Когда я уже выросла и сама стала матерью, мне однажды позвонила соседка, жившая когда-то через дорогу от нас. Она считала, что обязана поделиться воспоминанием о моем детстве. Слушая ее, я записывала.
Я сделала все возможное, чтобы удрать от родителей. Мне тяжело писать эти слова. Мама и папа были для меня тем единственным, что я знала в этом мире. И все же я водила бедную собачку туда и обратно по улицам с неудачными названиями в поисках семьи, которая отворила бы двери и приняла меня. Я теперь думаю: что приходило в голову тем людям? Вызывало ли у них любопытство, почему я постоянно ходила вокруг квартала, замедляя ход возле их фасадов? Почему я постоянно торчала неподалеку? Если меня приглашали зайти, я ела печенье за их кухонным столом, смотрела телевизор в их комнате, пила лимонад у них на крыльце, тихо надеясь стать частью их теплого, волшебного мира.

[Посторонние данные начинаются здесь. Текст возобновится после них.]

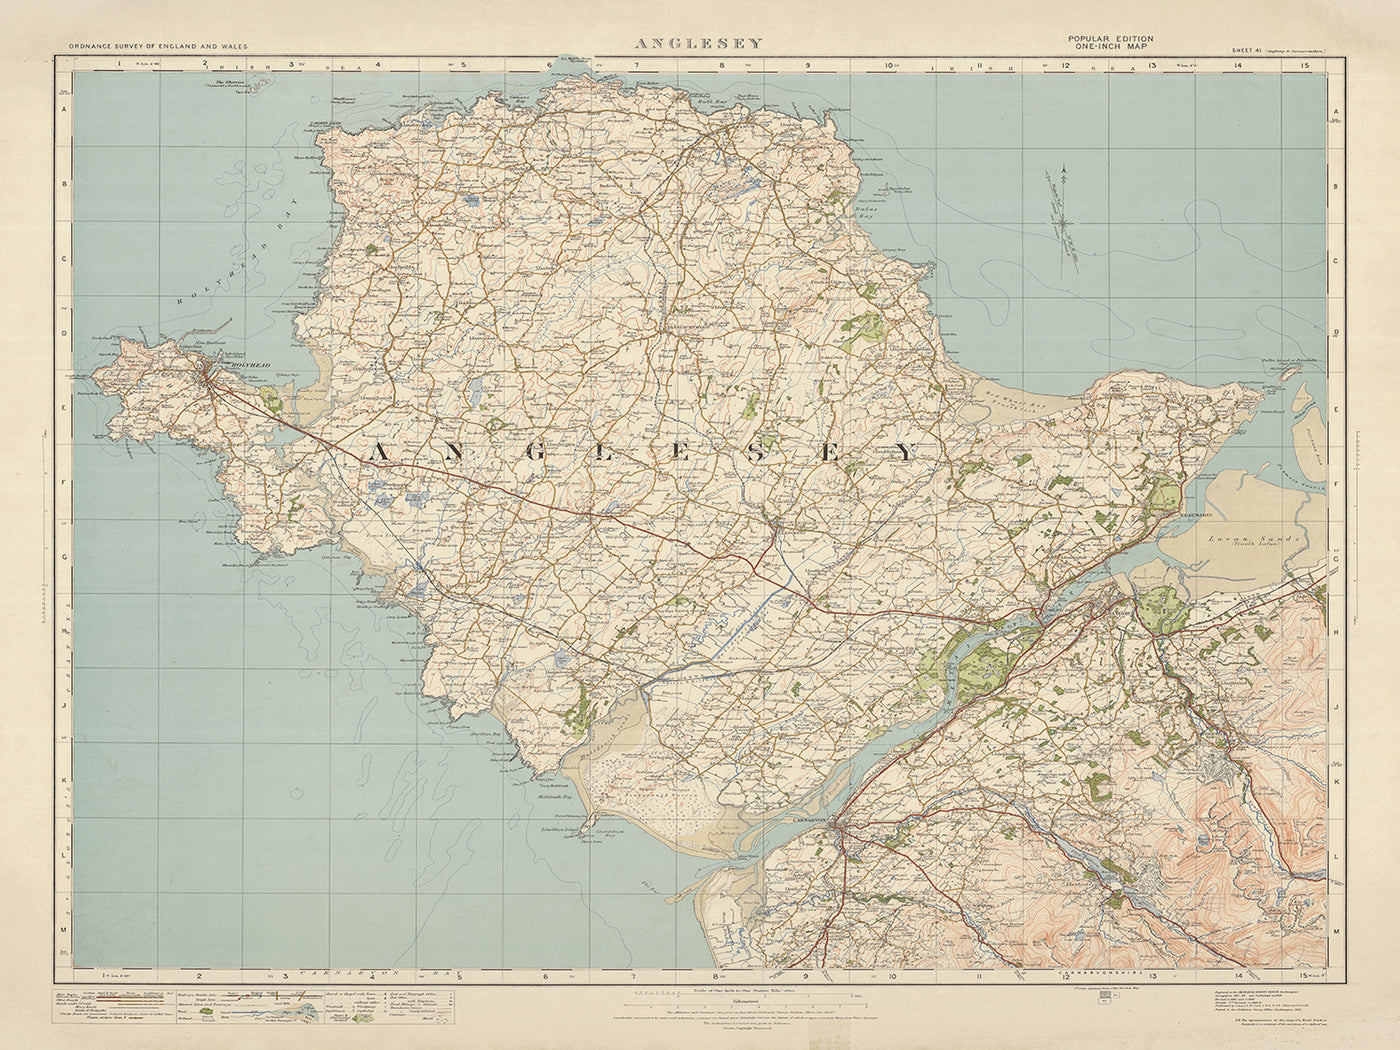 Old Ordnance Survey Map, Blatt 41 – Anglesey, 1925: Bangor, Caernarfon, Holyhead, Amlwch, Beaumaris

В конце концов небо начинало темнеть, и пора было домой. Я проходила в дом через заднюю дверь и сразу поднималась к себе. Почему я так долго отсутствовала и где я была, поинтересоваться было некому. Среди стерильной тишины трудно было дышать, не то что в беспорядочном шумном внешнем мире. С наступлением вечера мама возвращалась, завершив то, чем она там занималась в тот день, или приходила няня, которая в соответствии с маминой инструкцией готовила мне ужин.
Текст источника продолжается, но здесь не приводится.